Altro che l’ormai impossibile ‘due stati per due popoli’: lo stato è uno solo, lo sappiamo ormai bene tutti perchè il secondo, ipotetico stato non c’è né sulla carta, né nella terra calpestata da soldati blindati muri e checkpoint. E sappiamo bene che la mentalità colonialista sionista sostiene con i fatti e le dichiarazioni assurde come quella del premier israeliano per cui… non c’è nemmeno un popolo. Bastava non nominarlo il secondo popolo, all’inizio; basta dire ‘arabi’, ora come allora; basta chiamarli terroristi tutti, nessuno escluso, e ucciderli, imprigionarli, ferirli impunemente senza considerare i loro volti, i loro nomi; basta chiamare l’”Intifada di Gerusalemme” “intifada dei coltelli” e magari gettarli al momento giusto perché siano davvero le bestie da odiare; basta chiamarli bestie, per giungere a non riconoscere loro alcun tipo di umanità.
Perchè di fronte alle bestie feroci non resta che difendersi, fortificarsi, visto che non le si può annientare tutte. E le si ingabbia, visto che domarle non ci si riesce. E ci si prende anche il loro giardino, che tanto a cosa può servire ad una bestia vivere da essere umano.

Cari amici, qualche giorno fa è mancato un carissimo amico di BoccheScucite. Un uomo di fede, di cultura profonda. Un uomo, una bestia(!) che ha trascorso la vita reclamando pace e giustizia per il suo popolo. Ci mancherà, Geries Khoury: mancherà alla sua famiglia, alla sua gente, alle donne e agli uomini che in quella terra chiedono pace senza sconti, senza ipocrisie.
A lui dedichiamo questo numero, riproponendo alcune sue riflessioni che ci ha regalato negli anni.
Geries, l’israeliano e palestinese e arabo e cristiano che mancherà anche a tutti quei Netanyahu che ora hanno una possibilità in meno di accorgersi di che ‘belve’ hanno a fianco.

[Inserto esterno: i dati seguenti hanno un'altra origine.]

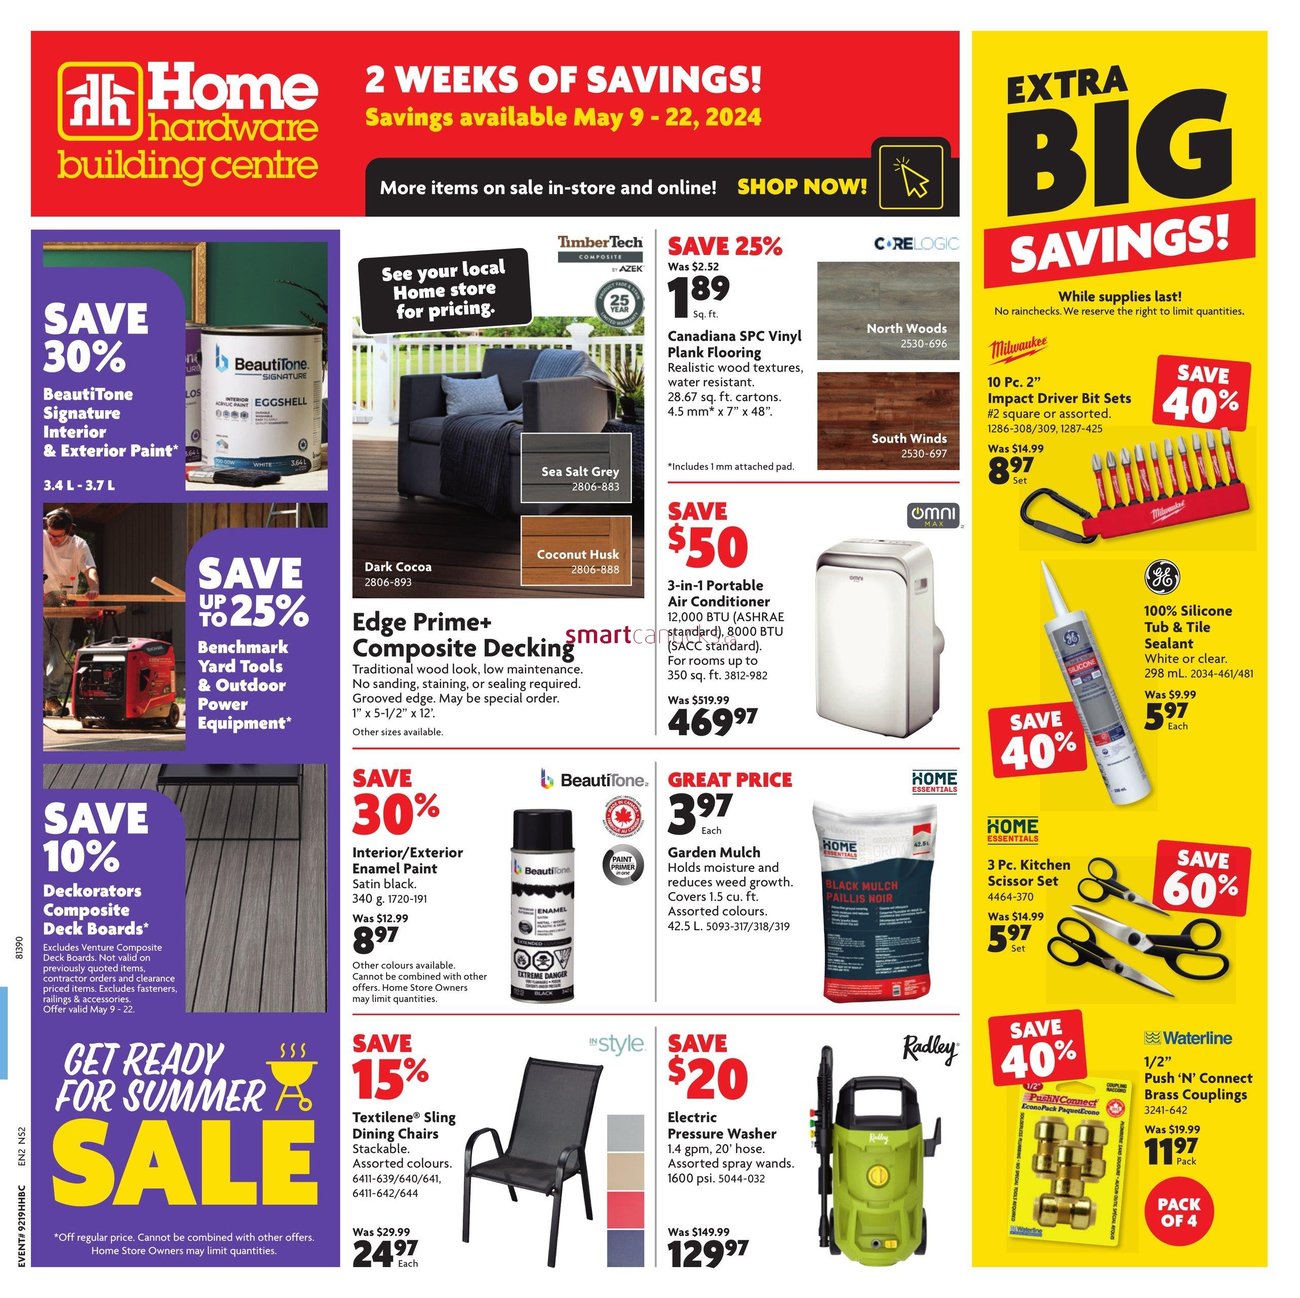 Home Hardware Building Centre - Atlantic - 2 Weeks of Savings - Page 1
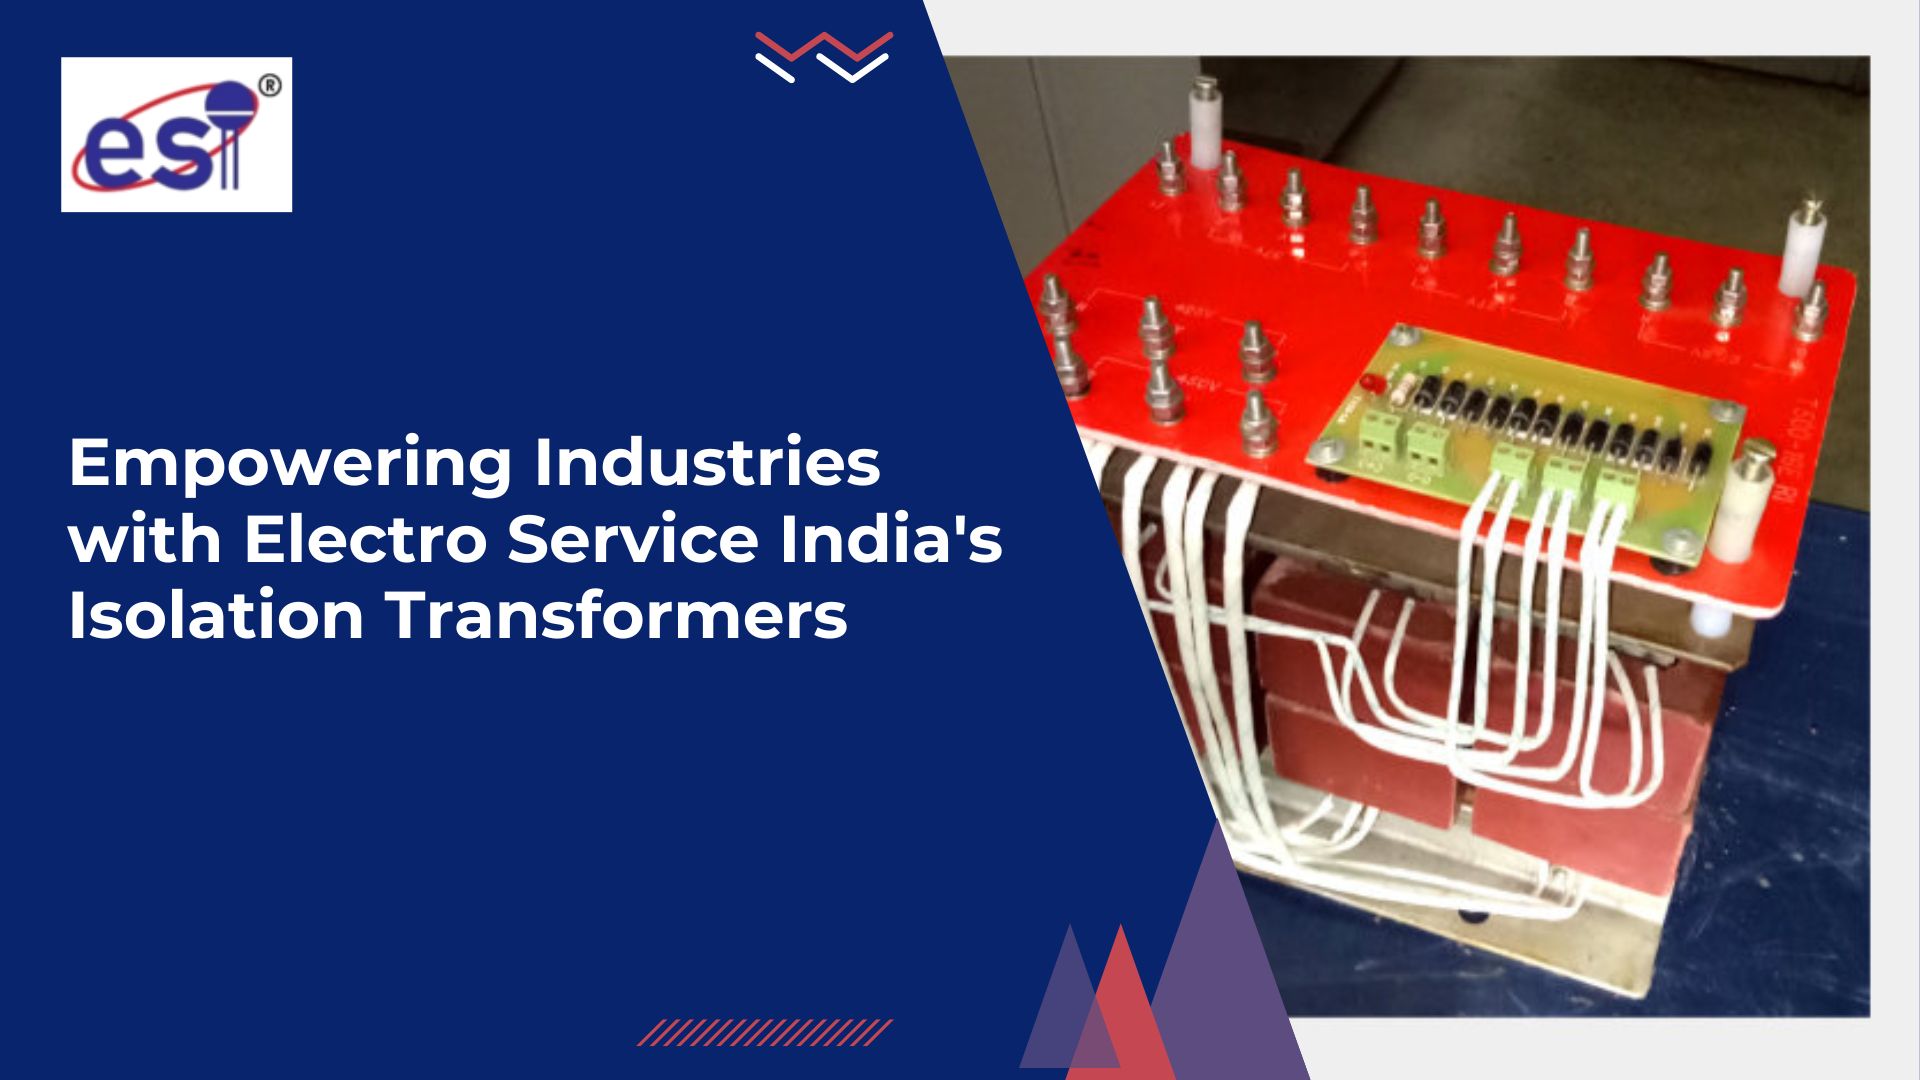 Empowering Industries with Electro Service India's Isolation Transformers

“Non posso certo desiderare il male per gli israeliani, anche se sono il mio oppressore. Il popolo che mi opprime e mi umilia da tanti anni non deve essere annullato, ma casomai deve diventare per me un vero compagno di strada per un cammino di giustizia.”

Così affermava Geries qualche anno fa, in visita in Italia. Ecco il volto sconosciuto a tutti gli israeliani che preferiscono mascherare i vicini da animali. Così è più difficile, vero Bibi? Meglio la gabbia. Con le bestie non si può trattare.

“Magari il mondo si rendesse conto che gli israeliani hanno cercato letteralmente di eliminare il popolo palestinese in tutti i modi. Ma se da questo abisso di annientamento rimanesse in vita anche un solo bambino palestinese, questi porterebbe con se una causa giusta, quella racchiusa nel sogno dello Stato di Palestina. Né Israele, né il mondo, né la miseria, né la povertà potranno mai farci dimenticare i nostri diritti legittimi”.

Accipicchia. Queste bestie mutanti pensano, sognano, reclamano.
E, nonostante tutto,amano perfino gli umani al di là della gabbia.